MATERIAL SHOWN Start Marker

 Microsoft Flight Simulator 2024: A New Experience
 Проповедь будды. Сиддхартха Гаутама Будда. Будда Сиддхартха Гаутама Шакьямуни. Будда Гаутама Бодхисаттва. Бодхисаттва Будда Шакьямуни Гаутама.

MATERIAL SHOWN End Marker
MATERIAL SHOWN Start Marker

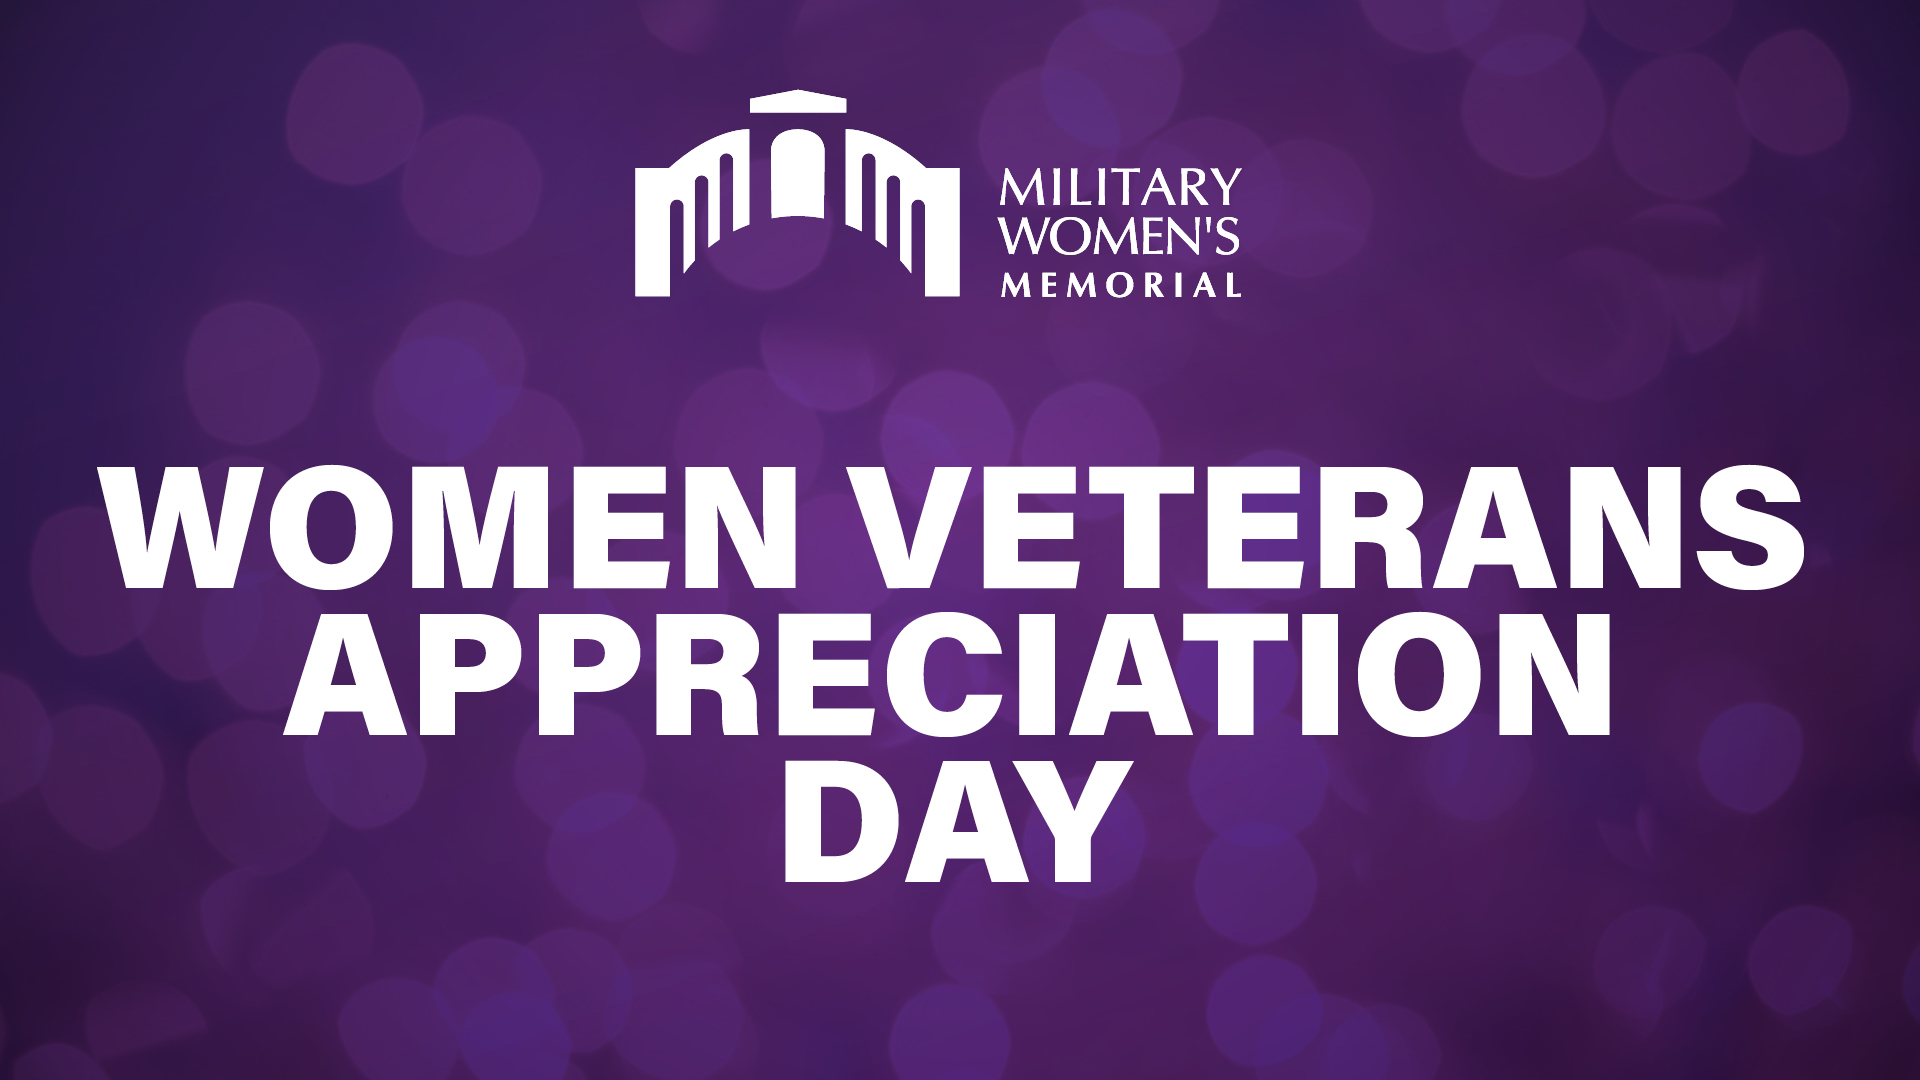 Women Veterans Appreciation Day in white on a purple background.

MATERIAL SHOWN End Marker

After locating the line with "Microsoft Flight Simulator" above, return that line and every later line through the one with "Проповедь будды. Сиддхартха", word for word and with nothing else.

 Microsoft Flight Simulator 2024: A New Experience
 Проповедь будды. Сиддхартха Гаутама Будда. Будда Сиддхартха Гаутама Шакьямуни. Будда Гаутама Бодхисаттва. Бодхисаттва Будда Шакьямуни Гаутама.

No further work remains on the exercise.